Seorang ibu pasti akan merasakan keanehan pada anaknya jika anaknya mengalami sebuah masalah. Mungkin ini yang dinamakan naluri keibuan. “Mau cerita apa?” tanya ibuku lemah lembut, “Mah tadi abang dipanggil ke ruang BK, karena tadi abang ngebohongin pak Abay?” kataku. “HAAAAH?”, kulihat muka ibuku shock melihat anak laki-lakinya yang polos membuat masalah di sekolah, sampai di panggil keruangan BK segala.

“Kok bisa sih ?, coba ceritakan yang jelas” pinta ibuku, “jadi gini mah abang sama Erlan dan Dian tadi terlambat masuk sekolah, kemudian abang sama mereka ngerencanain untuk pura-pura menolong Dian yang pura-pura pingsan biar gak kena marah, terus akhirnya ketahuan sama pak guru, kalau kami bertiga pura-pura, agar tidak dimarahi saat masuk ke kelas” jawabku. Ibuku menepuk kepalanya tiga kali, mungkin dia pusing, urusan rumah saja belum selesai sekarang ditambah lagi masalahku dengan sekolah. “Terus orang tua di panggil sekolah?” tanya ibuku lagi, “iya mah” jawabku dengan suara setipis kertas, “yaudah abang sekarang makan istirahat kemudian tidur siang, nanti kita bicarakan masalah ini setelah ayah pulang.”

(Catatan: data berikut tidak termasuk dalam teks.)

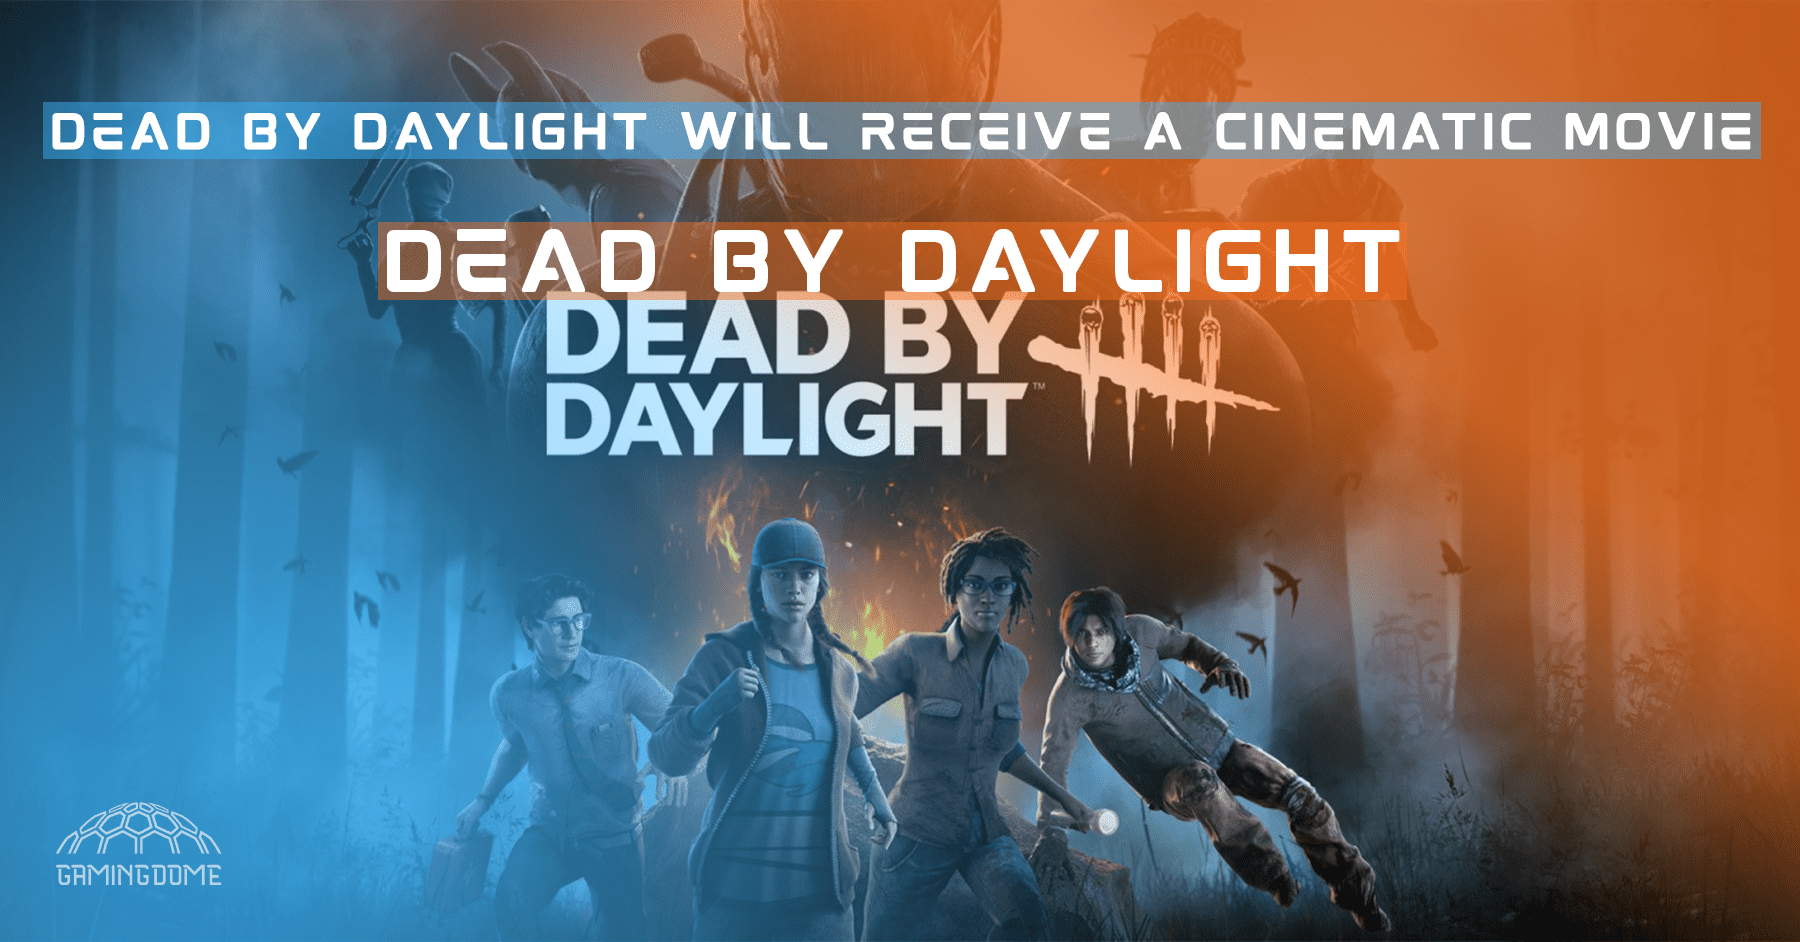 DEAD BY DAYLIGHT WILL RECEIVE A CINEMATIC MOVIE

Mendengar kalimat “KITA BICARAKAN MASALAH INI SETELAH AYAH PULANG” membuat ku bergidik ngeri, membayangkan apa yang akan ayah lakukan terhadapku, memarahi, menasehati atau jangan-jangan menghukumku. Semoga hanya menasehati doaku dalam hati. Menjelang isya sekitar pukul 19.00 ayahku tiba dirumah, mukanya yang lelah dan kusut sehabis pulang mengajar dari rumah anak didiknya membuatku waswas, aku berharap ibu tidak akan membicarakan masalah tadi hari ini. Melihat ayah pulang ibuku dengan siaga menyiapkan makanan malam dan teh hangat. “Yah mandi dulu sana terus makan, udah aku masakin kentang balado kesukaan ayah” kata ibuku dengan senyum terbaiknya, “iya mah makasihya waduh kentang balado enak nih” jawab ayahku, dengan senyum yang tak kalah dari ibu. Ayah tersenyum.

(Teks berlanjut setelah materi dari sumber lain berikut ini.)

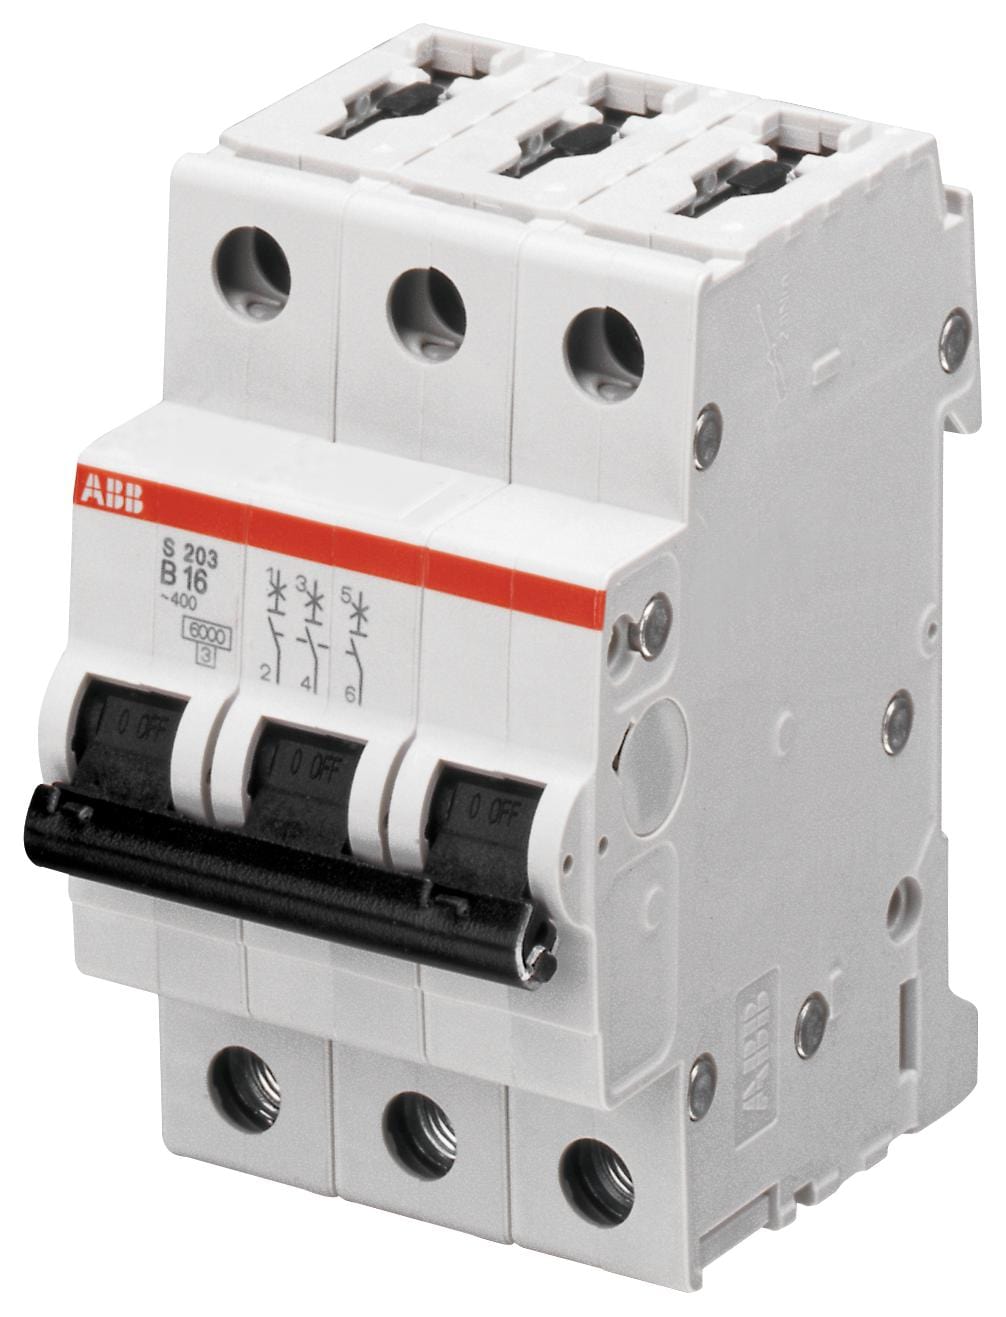 ABB Thermal Magnetic S203M-D6 CIRCUIT BREAKER, THERMAL MAG, 3 POLE ABB 2501402 S203M-D6

Ayah makan dengan lahap sekali, mulutnya tak berhenti mengunyah seakan-akan ini adalah makanan terakhirnya. “Ehhhmmm” ibu ku berdeham, aku dan ayahku langsung melirik ibu, kulihat dari bahasa tubuhnya sepertinya dia akan memberitahu ayah tentang masalahku tadi.”Yah tadi Jindan ada masalah disekolah sama guru sampai dipanggil diruang BK” katanya dengan suara soprannya yang tinggi. Sudah kuduga, mati aku. Ayah dan aku saling bertatapan, tetapi tatapan ku kalah kuat dengan matanya yang tajam, aku hanya bisa menunduk. “Masalah apa mah?” tanya ayahku selidik, “tadi dia terlambat kesekolah sama si Dian dan Erlan kemudian pura-puran ngebohong dengan cara menolong Dian yang pura-pura pingsan, biar gak kena marah pak guru, terus tar lusa ayah dipanggil kesekolah” tambah ibu. Aku hanya bisa tersenyum getir, aku sangat menyesal telah membuat konspirasi seperti itu, mungkin ini adalah balasan karena aku terlibat konspirasi itu. “Ya Allah bantulah hambamu yang bersalah ini” doaku dalam hati. Ayahku berdeham, dia seruput air putih lalu berkata” hemmm gitu toh masalahnya, kirain masalah apa” . Mendengar kalimat ” hemmm gitu toh masalahnya, kirain masalah apa” membuat ku syok. Ini keajaiban, ayah tidak marah.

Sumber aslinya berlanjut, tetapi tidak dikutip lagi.